### [About this exercise]
Starting with the line that contains "Veterans Day Parade" and stopping after the line that contains "Premium Icon Generator Set.1 - Icons", copy the entries below exactly. Include nothing else.

### [Information supplied]
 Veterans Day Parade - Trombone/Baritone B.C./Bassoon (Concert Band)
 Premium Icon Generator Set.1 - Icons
* * *
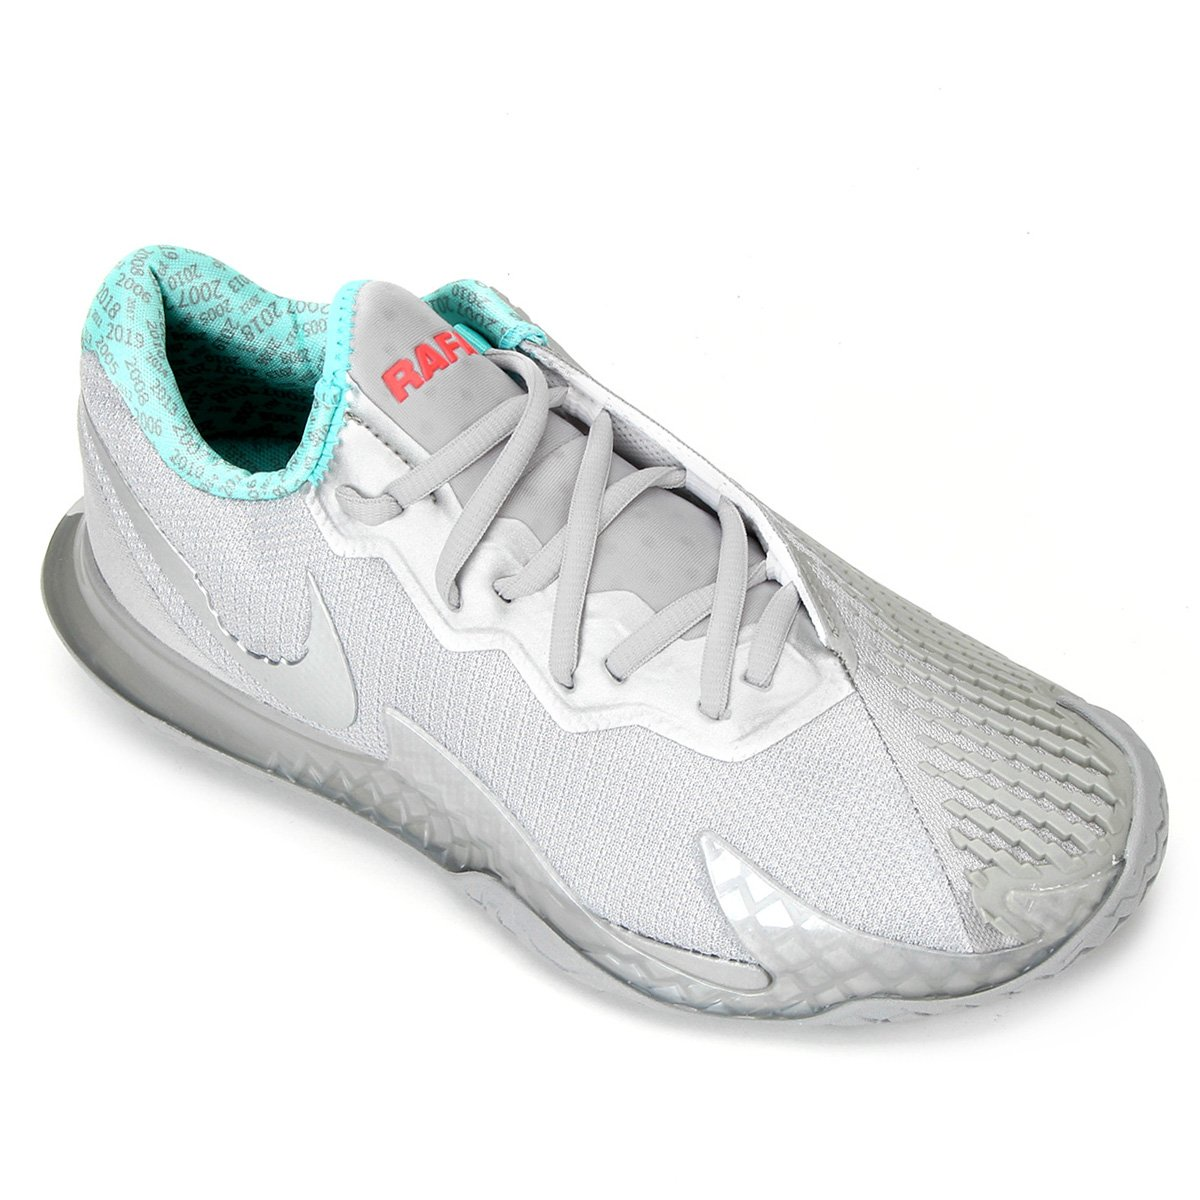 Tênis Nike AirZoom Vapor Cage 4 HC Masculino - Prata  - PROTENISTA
...
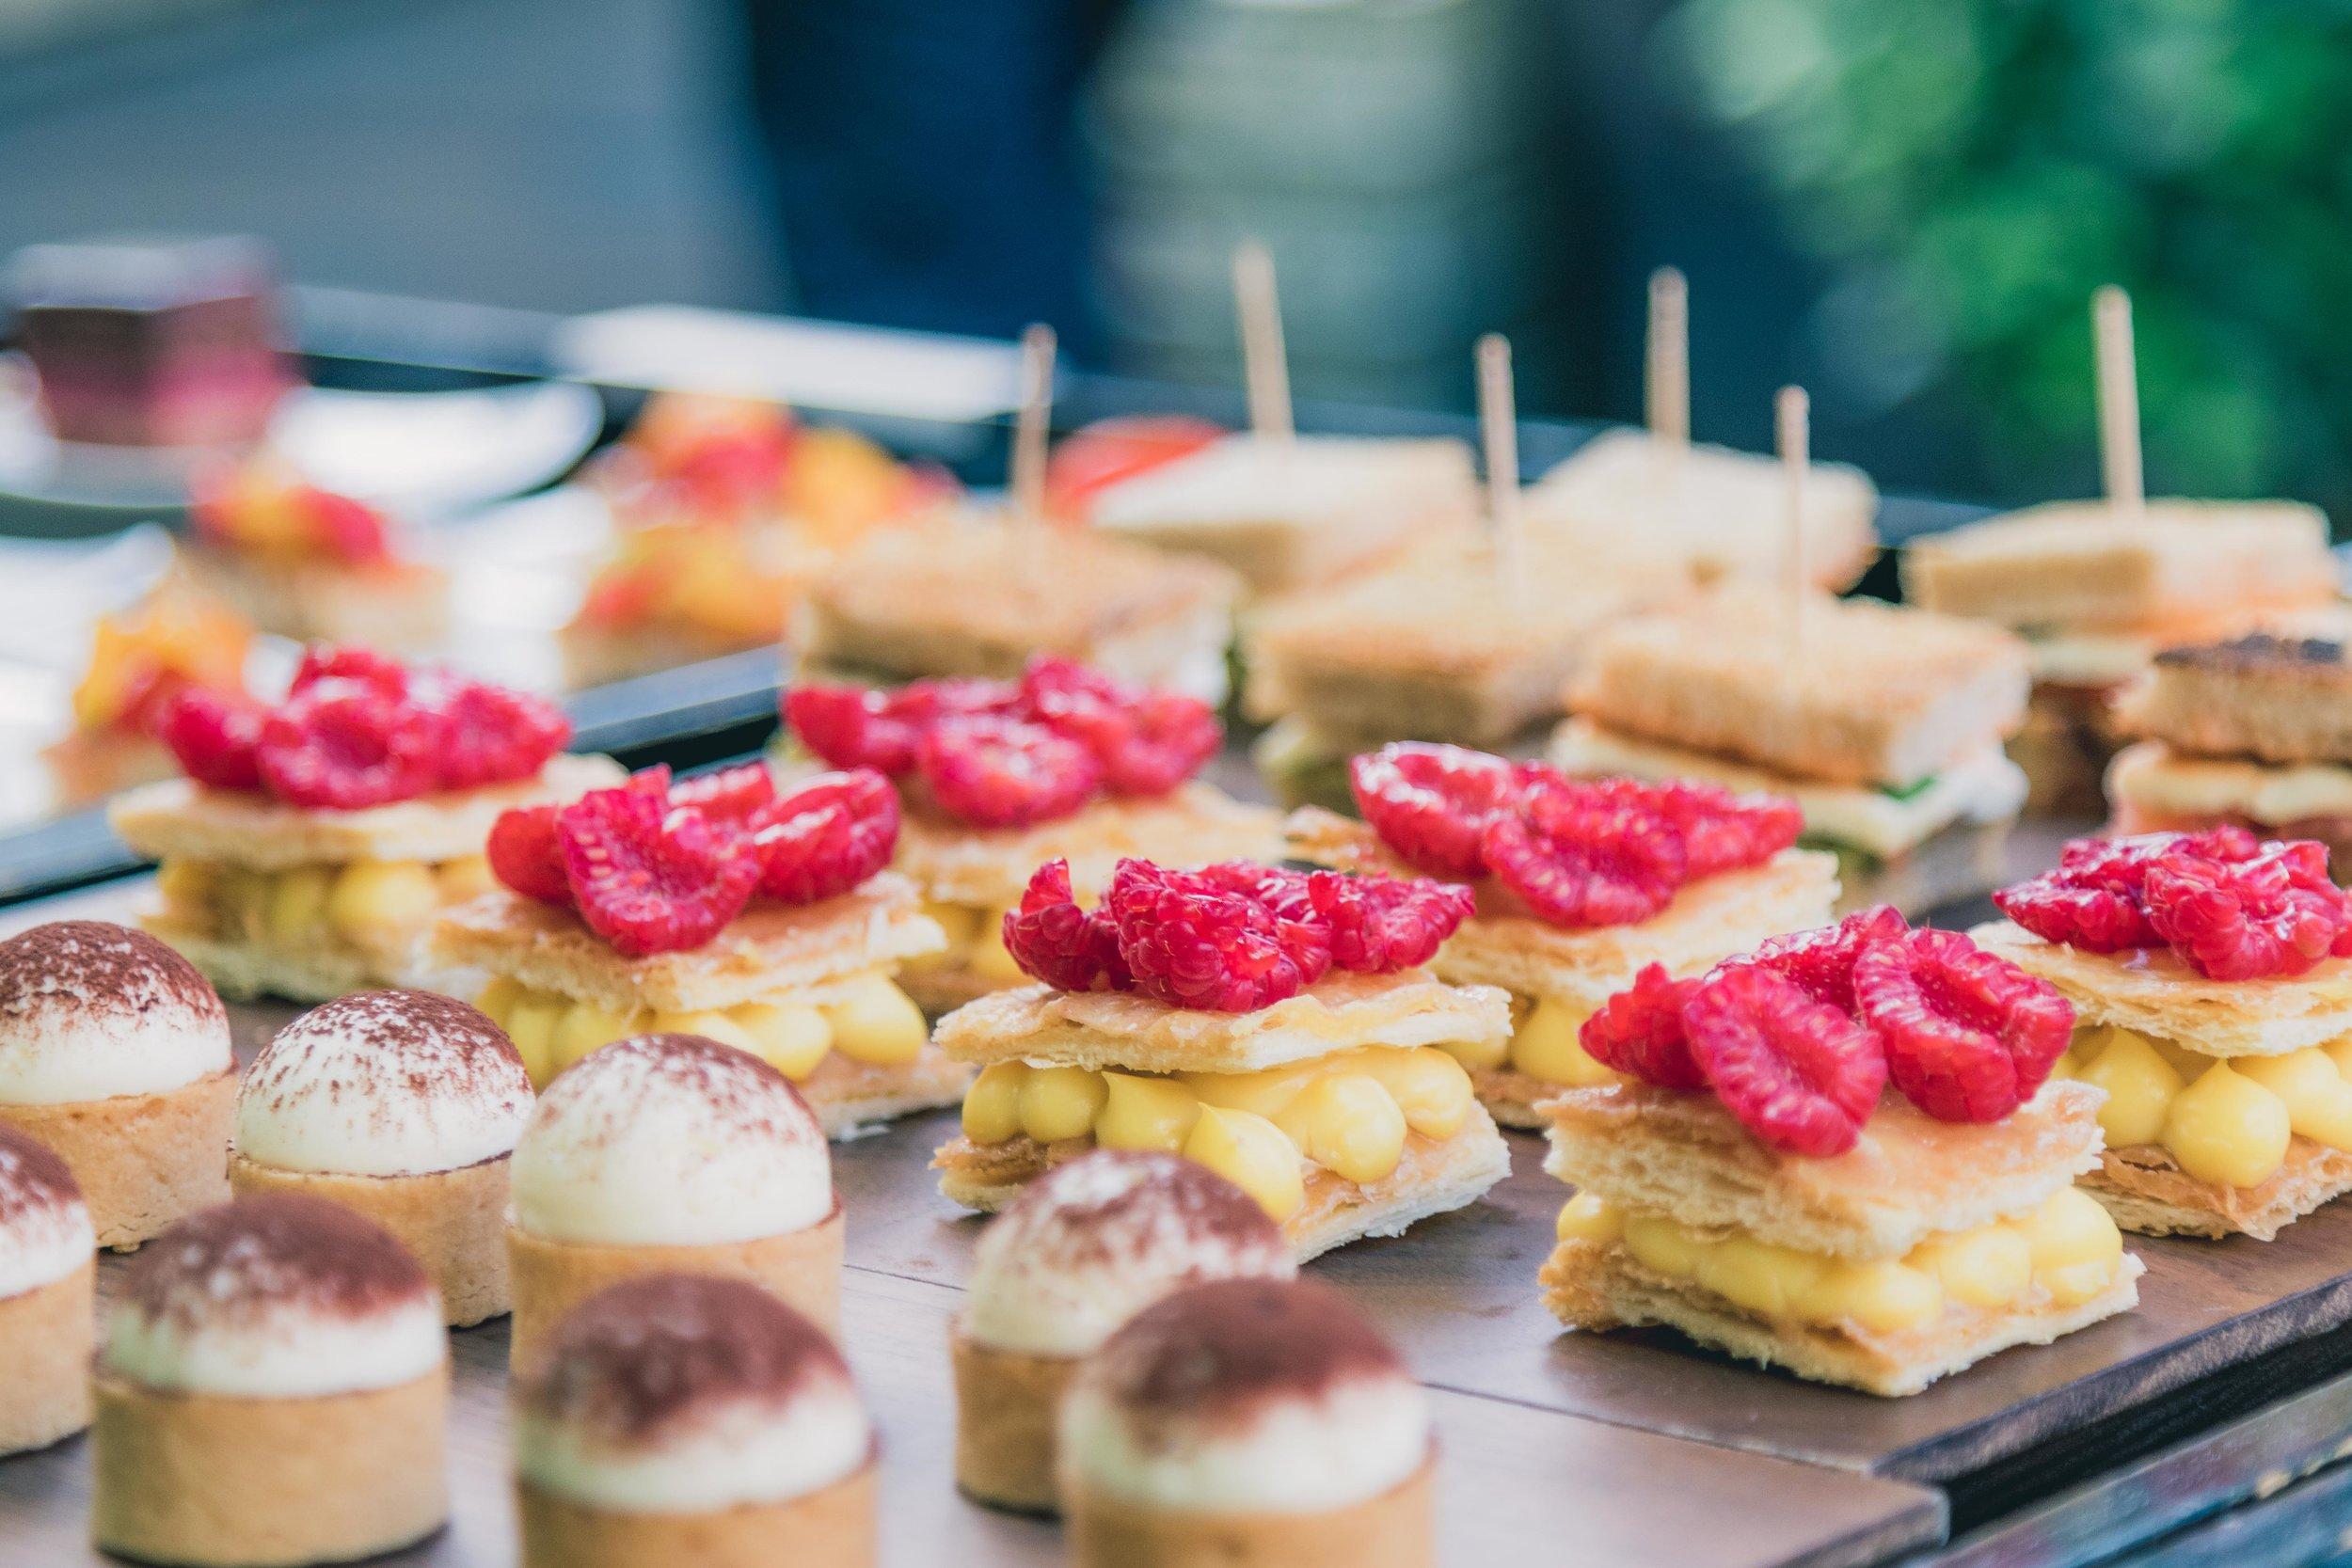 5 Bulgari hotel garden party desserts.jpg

### [Result for this exercise]
 Veterans Day Parade - Trombone/Baritone B.C./Bassoon (Concert Band)
 Premium Icon Generator Set.1 - Icons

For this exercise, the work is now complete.